Defaulting to user installation because normal site-packages is not writeable


# Beginning a SparkSession & Building a spark instance

In [2]:
from pyspark.sql import SparkSession
spark = SparkSession.builder.appName('classification').getOrCreate()

In [3]:
from pyspark.sql.functions import count, mean, when, lit, create_map, regexp_extract
from itertools import chain

# Loading and Reading the Dataset

In [4]:
data1 = spark.read.csv('train.csv',\
                     header=True, inferSchema=True)
data2 = spark.read.csv('test.csv', \
                     header=True, inferSchema=True)

# Viewing the Dataframe Schema 

In [5]:
data1.printSchema()

root
 |-- PassengerId: integer (nullable = true)
 |-- Survived: integer (nullable = true)
 |-- Pclass: integer (nullable = true)
 |-- Name: string (nullable = true)
 |-- Sex: string (nullable = true)
 |-- Age: double (nullable = true)
 |-- SibSp: integer (nullable = true)
 |-- Parch: integer (nullable = true)
 |-- Ticket: string (nullable = true)
 |-- Fare: double (nullable = true)
 |-- Cabin: string (nullable = true)
 |-- Embarked: string (nullable = true)



# Showing First 10 Rows of the Dataframe 

In [6]:
data1.show(10)

+-----------+--------+------+--------------------+------+----+-----+-----+----------------+-------+-----+--------+
|PassengerId|Survived|Pclass|                Name|   Sex| Age|SibSp|Parch|          Ticket|   Fare|Cabin|Embarked|
+-----------+--------+------+--------------------+------+----+-----+-----+----------------+-------+-----+--------+
|          1|       0|     3|Braund, Mr. Owen ...|  male|22.0|    1|    0|       A/5 21171|   7.25| null|       S|
|          2|       1|     1|Cumings, Mrs. Joh...|female|38.0|    1|    0|        PC 17599|71.2833|  C85|       C|
|          3|       1|     3|Heikkinen, Miss. ...|female|26.0|    0|    0|STON/O2. 3101282|  7.925| null|       S|
|          4|       1|     1|Futrelle, Mrs. Ja...|female|35.0|    1|    0|          113803|   53.1| C123|       S|
|          5|       0|     3|Allen, Mr. Willia...|  male|35.0|    0|    0|          373450|   8.05| null|       S|
|          6|       0|     3|    Moran, Mr. James|  male|null|    0|    0|      

# Transforming Spark Dataframe by Limiting and Converting It to a Pandas Dataframe

In [7]:
data1.limit(4).toPandas()

Unnamed: 0,PassengerId,Survived,Pclass,Name,Sex,Age,SibSp,Parch,Ticket,Fare,Cabin,Embarked
0,1,0,3,"Braund, Mr. Owen Harris",male,22.0,1,0,A/5 21171,7.25,,S
1,2,1,1,"Cumings, Mrs. John Bradley (Florence Briggs Th...",female,38.0,1,0,PC 17599,71.2833,C85,C
2,3,1,3,"Heikkinen, Miss. Laina",female,26.0,0,0,STON/O2. 3101282,7.925,,S
3,4,1,1,"Futrelle, Mrs. Jacques Heath (Lily May Peel)",female,35.0,1,0,113803,53.1,C123,S


#  Selecting 4 Columns for Inspect within Spark

In [8]:
data1.select('Pclass', 'Fare', 'Survived', 'Age').show(4)

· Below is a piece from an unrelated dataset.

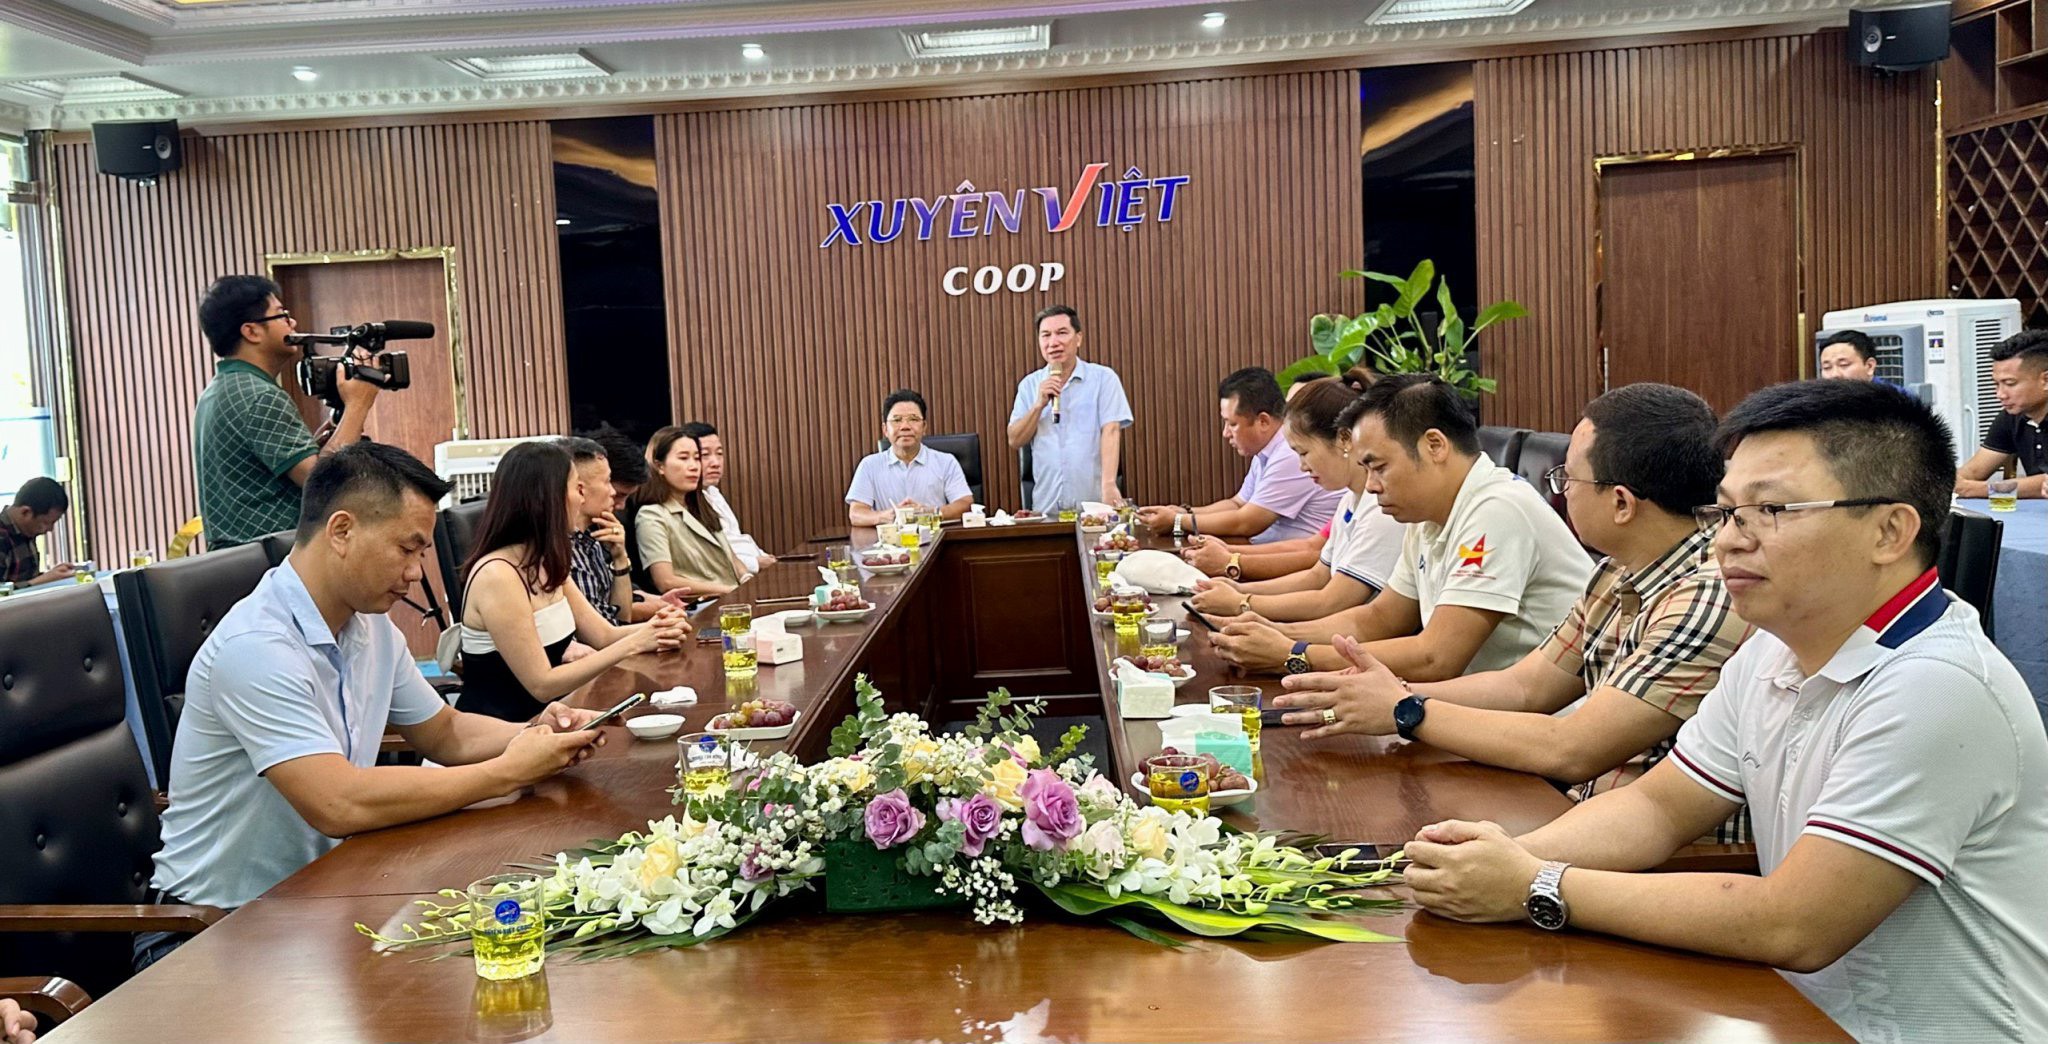 Chương trình đến thăm, kết nối, giao lưu tại các Doanh nghiệp Hội viên cụm huyện Gia Lộc, Tứ Kỳ, Ninh Giang.

+------+-------+--------+----+
|Pclass|   Fare|Survived| Age|
+------+-------+--------+----+
|     3|   7.25|       0|22.0|
|     1|71.2833|       1|38.0|
|     3|  7.925|       1|26.0|
|     1|   53.1|       1|35.0|
+------+-------+--------+----+
only showing top 4 rows



# Applying the Summary() Method

In [9]:
data1.select('Pclass', 'Fare', 'Survived', 'Age').summary().show()

+-------+------------------+-----------------+-------------------+------------------+
|summary|            Pclass|             Fare|           Survived|               Age|
+-------+------------------+-----------------+-------------------+------------------+
|  count|               891|              891|                891|               714|
|   mean| 2.308641975308642| 32.2042079685746| 0.3838383838383838| 29.69911764705882|
| stddev|0.8360712409770491|49.69342859718089|0.48659245426485753|14.526497332334035|
|    min|                 1|              0.0|                  0|              0.42|
|    25%|                 2|           7.8958|                  0|              20.0|
|    50%|                 3|          14.4542|                  0|              28.0|
|    75%|                 3|             31.0|                  1|              38.0|
|    max|                 3|         512.3292|                  1|              80.0|
+-------+------------------+-----------------+--------

# Showing Total Number of Rows and Columns present in the Dataframe

In [10]:
print('No. of columns present in the dataframe: \t', len(data1.columns))
print('No. of rows present in the dataframe: \t', data1.count())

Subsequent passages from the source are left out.